Service Level Indicators

Workflows promises best-case Bazel performance. If your pipeline is slow, Aspect's job is to respond and fix it.

info

Some of the following SLIs are still under development.

TTA: Time to first action

Goal: Detect analysis cache busts, slow invalidated and eager-fetched repository rules, etc. which are on critical loading-phase path and no remote-cache/remote-execution can help us.

Indicator: Time from

  • T0: Scheduler dispatch to warm runner
  • T1: git clone is up-to-date
  • T2: First action spawn according to Bazel profile

Objective: P50: 10sec, P95: 30sec

QT: Developer-perceived Queue time

Goal: developers shouldn't be blocked by lack of CI resources.

Indicator: Cumulative time across all Pull Request runs where a request was queued, over some time period.

Objective: 60 seconds / developer / day

GR: Main branch greenness ratio

Goal: main should be green most of the time.

Indicator: Ratio of the time in a given period where main was green to the total time of that period.

Objective: 98%, (red less than 3h20m per week, see https://en.wikipedia.org/wiki/High_availability)

note

There's a component of this where a slow on-call response can't be corrected by Aspect.

TTF: Developer-perceived Time to Failure

Goal: when the developer needs to fix their changeset, they are notified before they change context or leave their desk.

Indicator: Time from

  • T0: Broken commit, Scheduler dispatch to runner
  • T1: Failure status reported back to developer

Objective: [Time of critical path for longest test] + 1 min

note

Might report directly to GitHub, if the CI platform doesn't allow a "failing but not yet finished" status.

LTA: Land-to-artifact

Goal: a commit that's needed in production quickly can go through the same process as less urgent ones. I can ship to production more than once during a SEV.

Indicator: time from a commit merged to main until all release artifacts are delivered for deployment. The client controls the actions which must run, including long tests or big uploads, so we can only control the parts outside of the Critical Path reported by Bazel.
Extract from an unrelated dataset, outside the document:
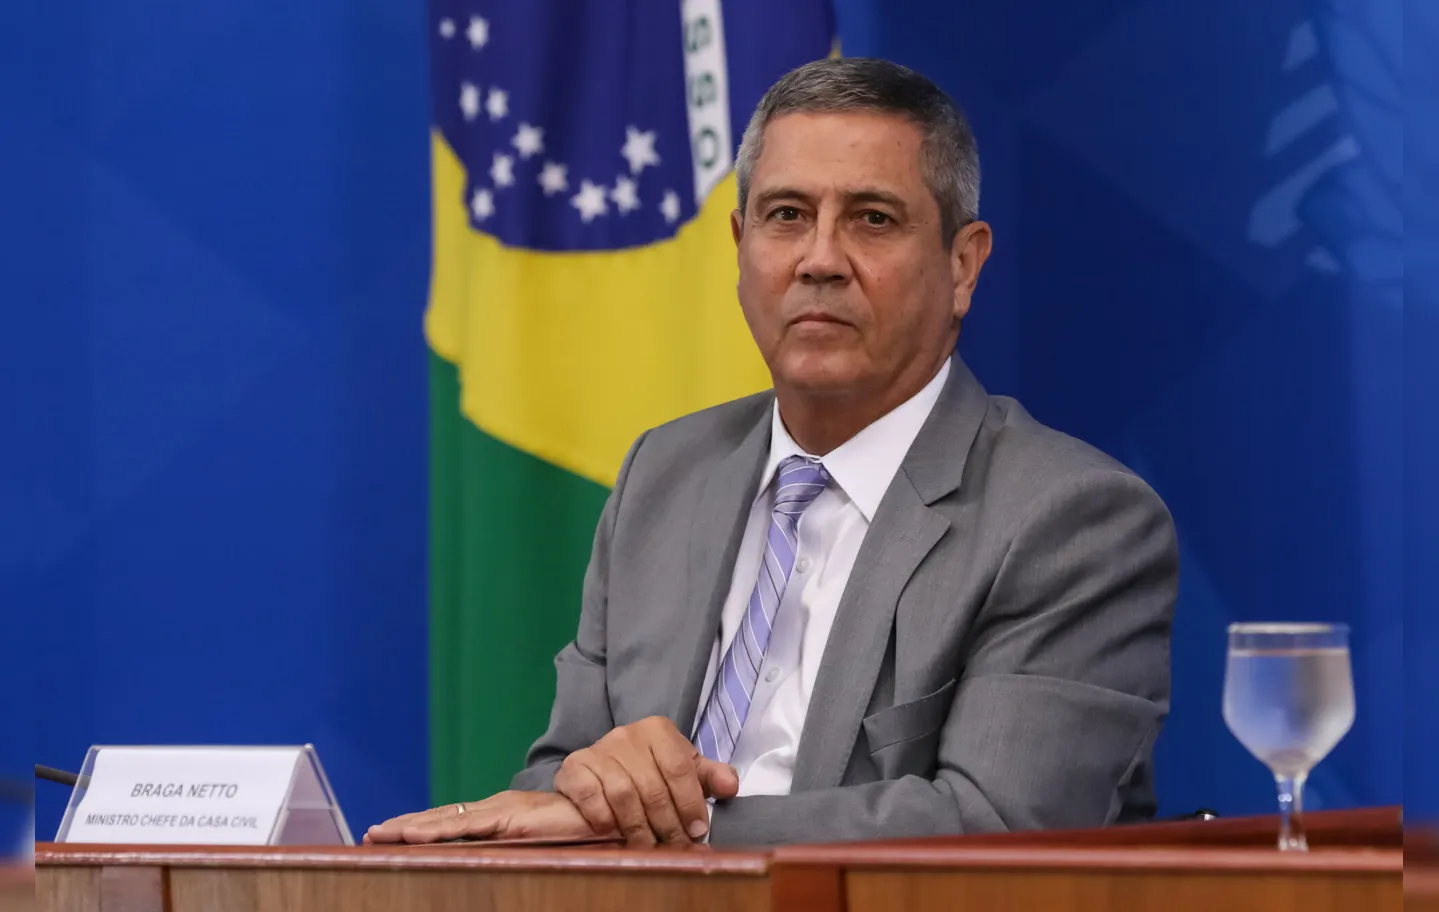 Braga Netto também tinha a possibilidade de ficar inelegível no julgamento de Bolsonaro

Objective: [Critical Path] + 5 min

IR: Invalidations rate

Goal: Bazel's expensive computations: analysis cache, external/ folders, are not frequently occuring in users critical path. (This is included in Time to first Action).

Indicator: number of times we saw each kind of invalidation per number of builds.

Objective: 5 per 100 builds (Aspirational)

note

PR builds can invalidate the caches on a runner, and if it takes another request that will invalidate back again. In the future we will quarantine that runner to avoid it being used by anyone else. It is now pinned to the branch and acts like a remote dev environment for that developer.

FPR: False positive breakage rate

Goal: We shouldn't bother a human unless the CI system requires manual repair.

Indicator: Buildcop reports a false positive through interaction with Aspect's system, typically via the Slack thread.

Objective: 5 out of 100 breakages